You could pass these Repositories as parameters:

public static void DeleteRelatedEntities(
    this Order order,
    /* Repository parameter */
    IOrderLineRepository repository)
{
    foreach (var orderLine in order.OrderLines.ToArray())
    {
        orderLine.UnlinkRelatedEntities();
        repository.Delete(orderLine);
    }
}

Or you might make repositories available through a technique called dependency injection.

It’s up to you. The choice to use extension methods was also a matter of preference.

Nuance

Sometimes an Entity indeed has related Entities to Cascadedly Unlink or Delete, but sometimes it doesn’t, creating subtleties in the implementation.

Alternative: Database Cascading

Instead of using C# to perform the Cascading you could also configure the database to do it for you.

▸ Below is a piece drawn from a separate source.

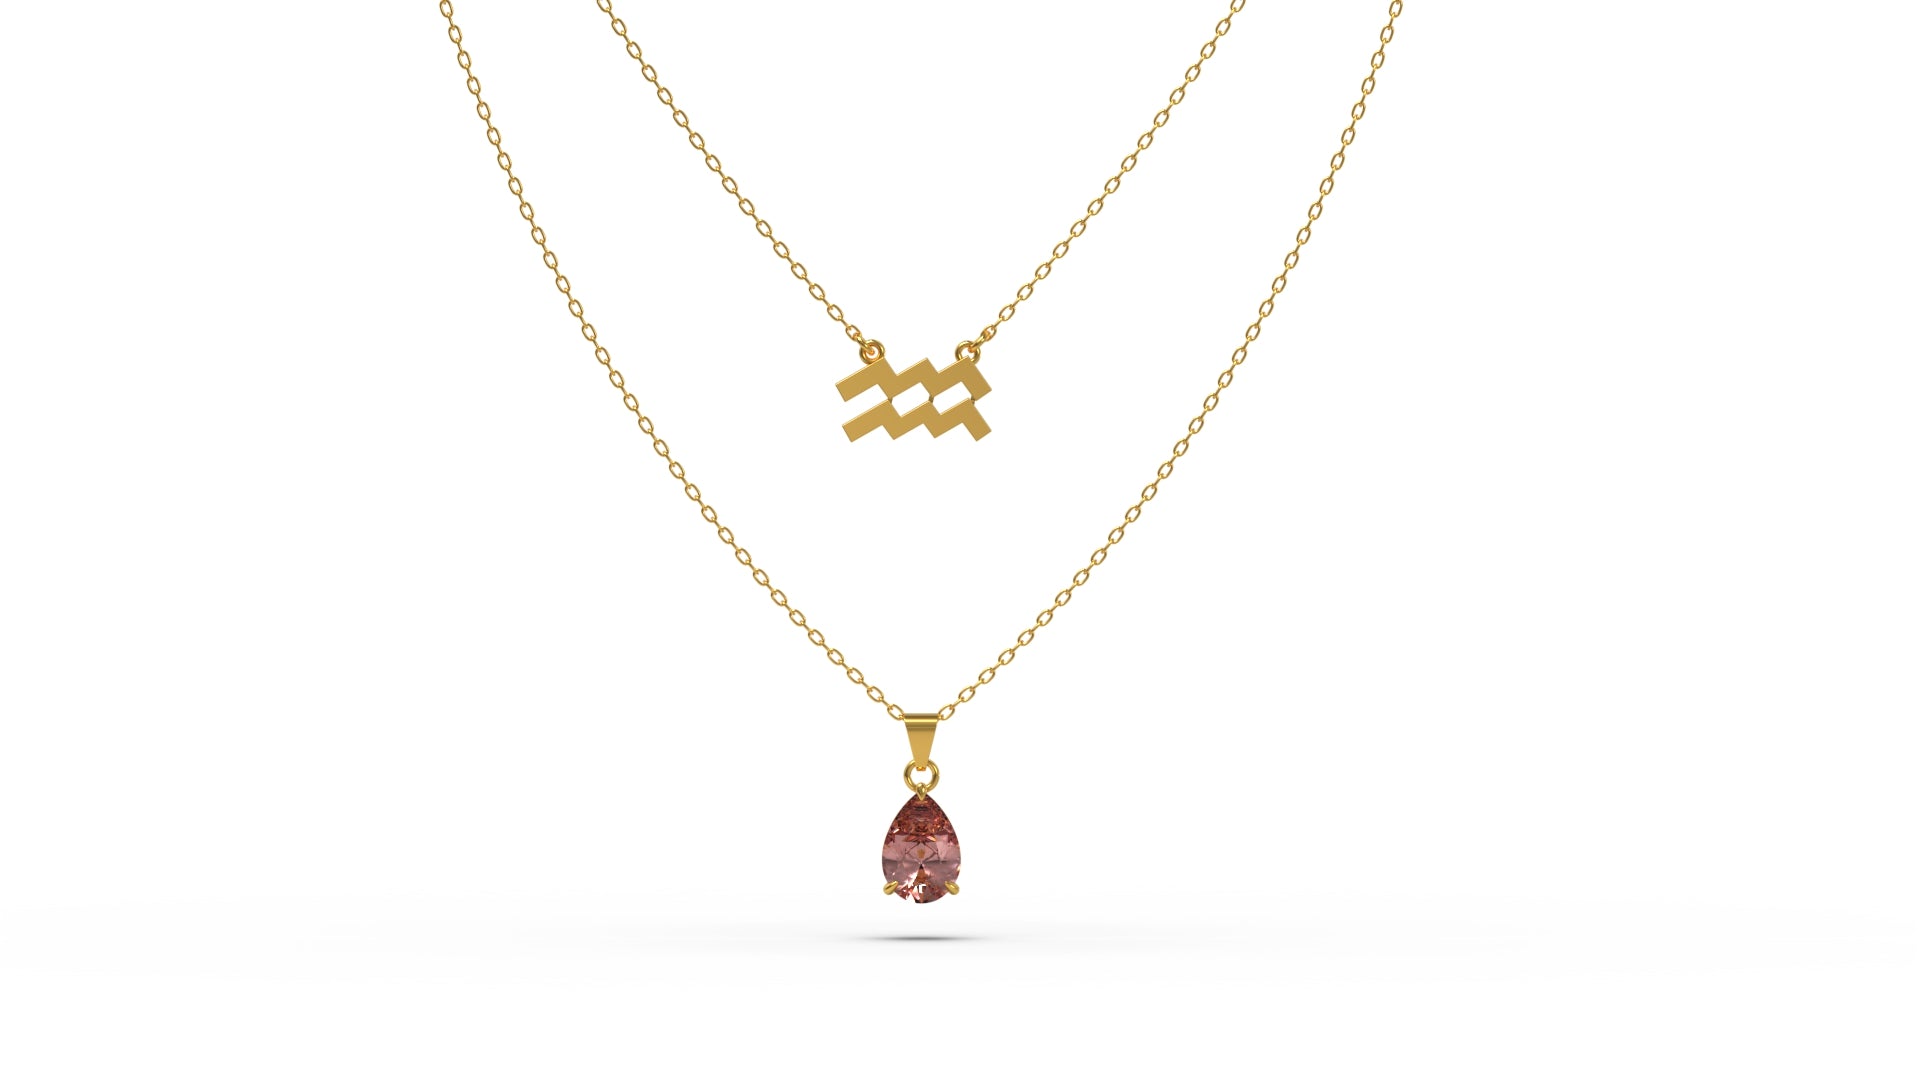 zodiac sign necklace- aquarius- gold
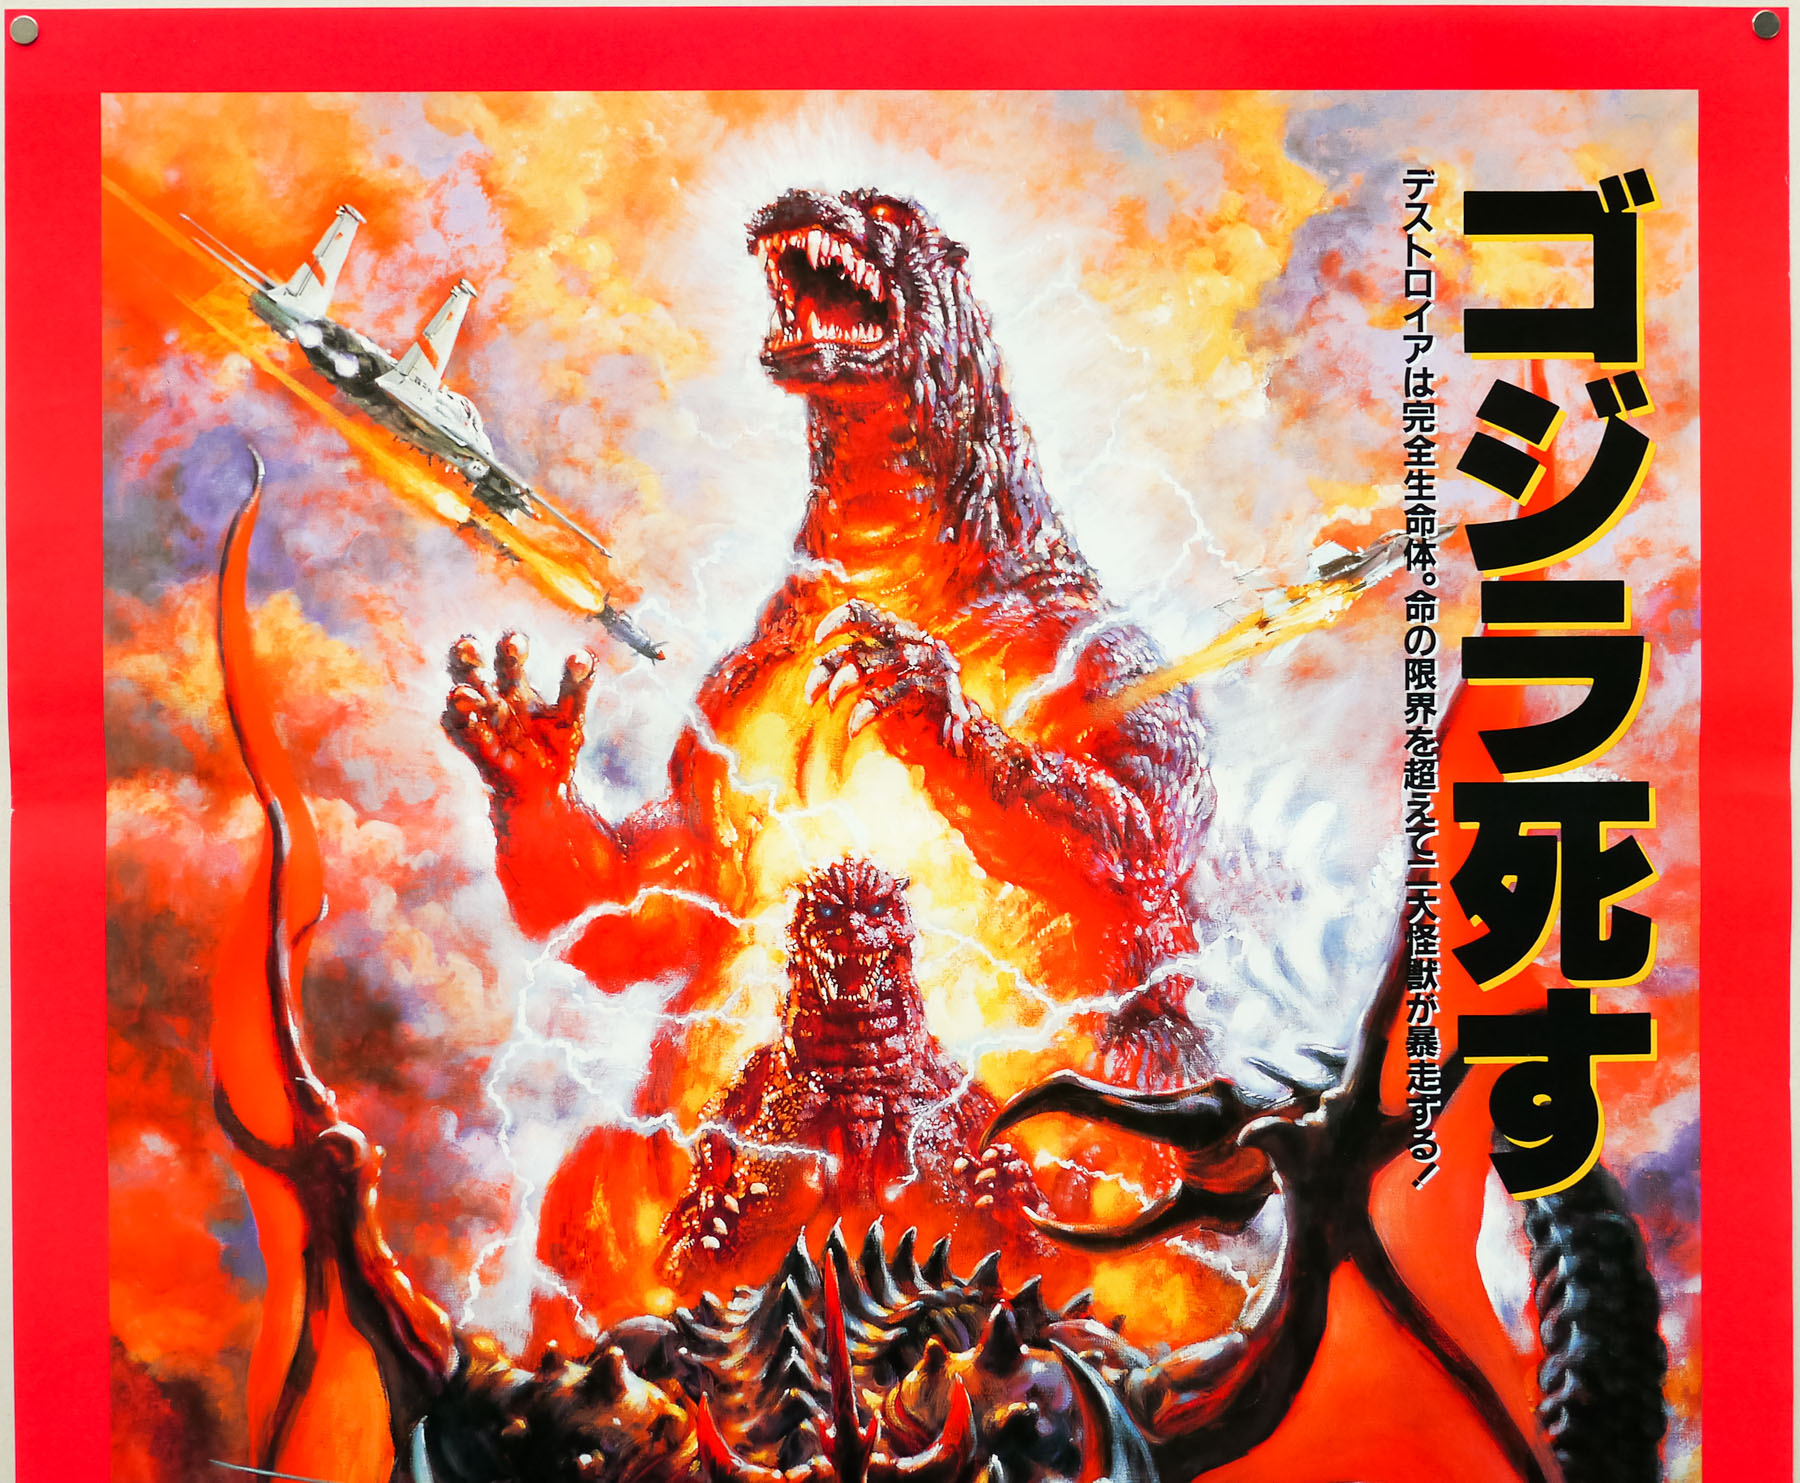 Godzilla Vs Destroyer Hot Movie Art Silk Canvas Poster 12x18 24x36 inch

You could use Triggers or Delete Actions for that.

But this might not play along nicely with our data access technology of choice: ORM. Saving the changes could then complain about too many records modified, because more records were affected than the ORM expected.

Alternative: ORM-Mappings

You can also configure the ORM through Mappings to automatically handle the Cascading.

A downside of this might be, that the deletions are hidden away from view. It may surprise programmers, when related data is automatically deleted. This can result in unintended consequences, taking away control from the programmer.

Conclusion

Hopefully this gave a good impression of how you could build up Cascading code by just using a pattern in C#.